In the recent Atlantic Yards case, the court endorsed the constitutionality of condemnations under an extremely broad definition of “blight” that would allow the taking of any property that might be “underdeveloped.” I think the Atlantic Yards decision was badly misguided. Among other things, it grossly misinterpreted the blight provision New York’s state constitution, which only allows condemnation of “substandard an insanitary” areas. Nonetheless, it is difficult to distinguish the Atlantic Yards case from Kaur. However, the Spectator’s description of the oral argument suggests that the judges were tough on both sides, which may indicate that they have some skepticism about the government’s position.

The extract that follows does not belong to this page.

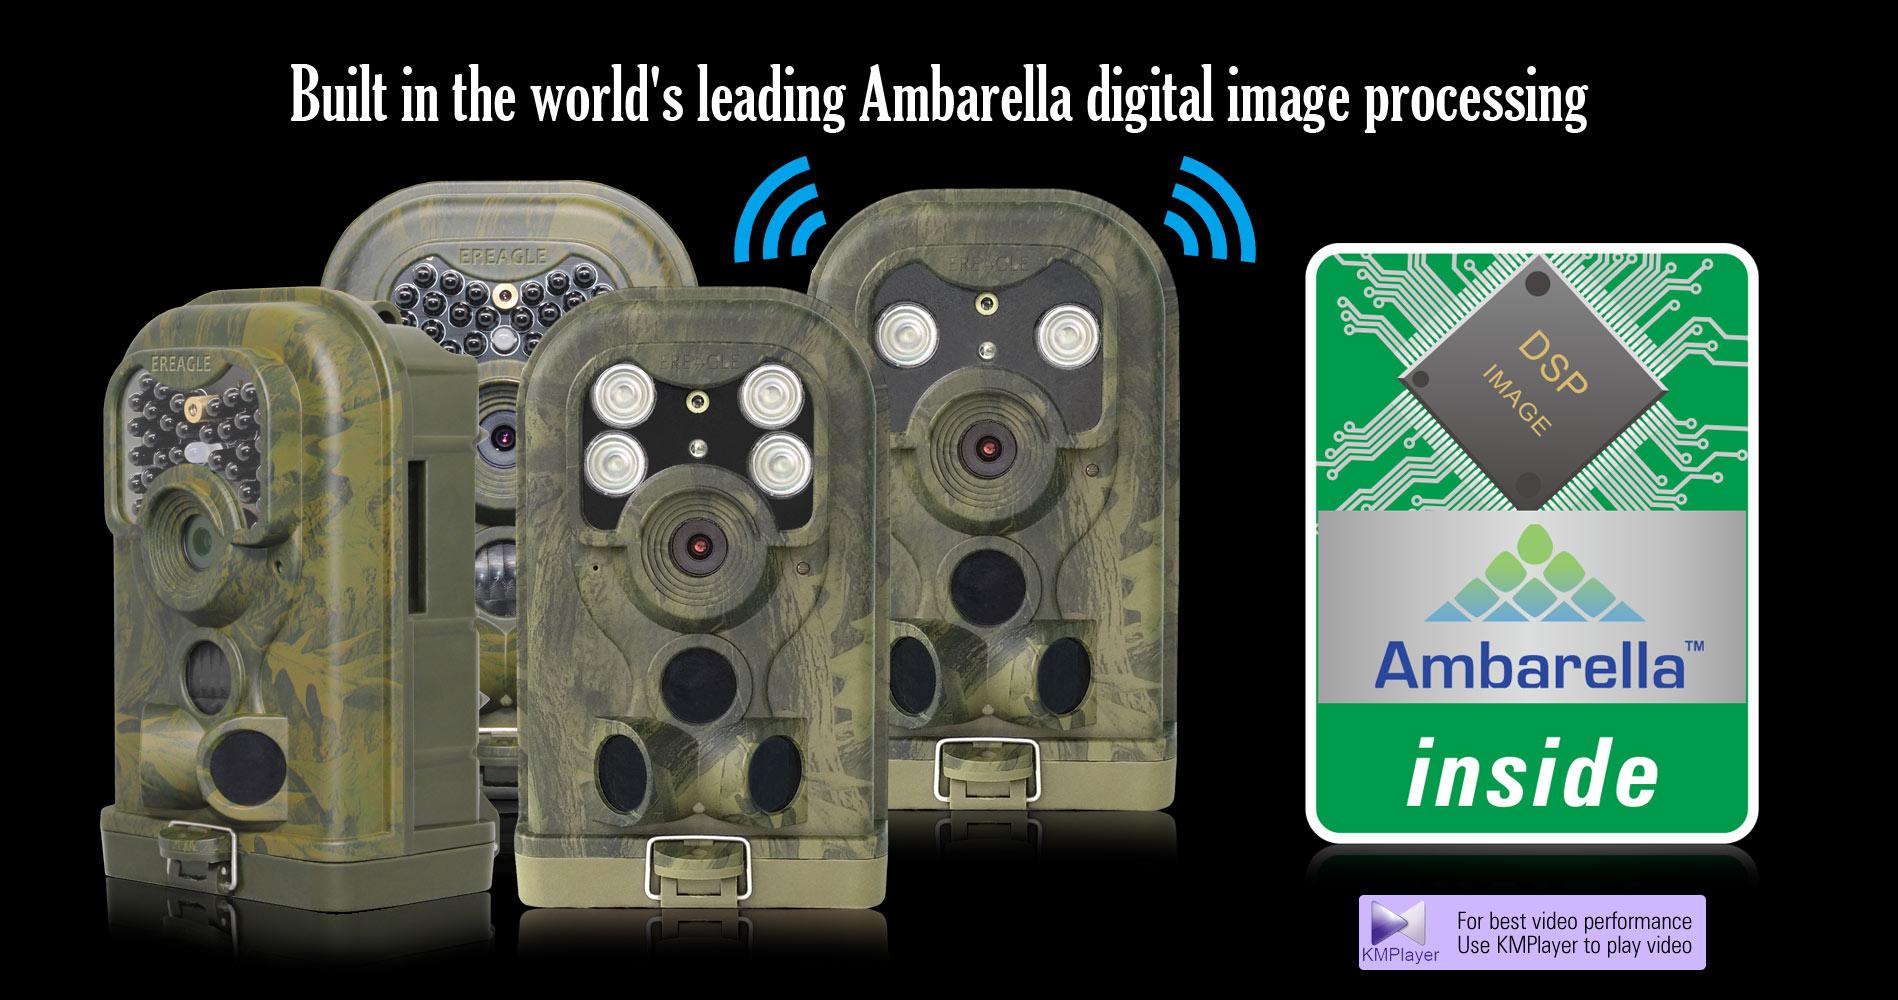 World best trail camera hunting game camera image process solution Ambarella chipset

The issue of broad definitions of “blight” is not limited to New York. It undermines protection for property rights in many other states as well. Since the Supreme Court’s controversial decision in Kelo v. City of New London, some 43 states have enacted laws banning or limiting the condemnation of private property for transfer to other private individuals in order to promote “economic development.” Unfortunately, as I explained at length in this article, most of these states’ laws define blight so broadly that virtually any area can still be designated as blighted and condemned. In other words, any property that government might want to take under an “economic development” rationale can instead be taken under a blight rationale.

UPDATE: NYU lawprof Rick Hills comments on the case and the more general questions it raises here. I disagree with several of Rick’s points and will try to address them in a later post, time permitting.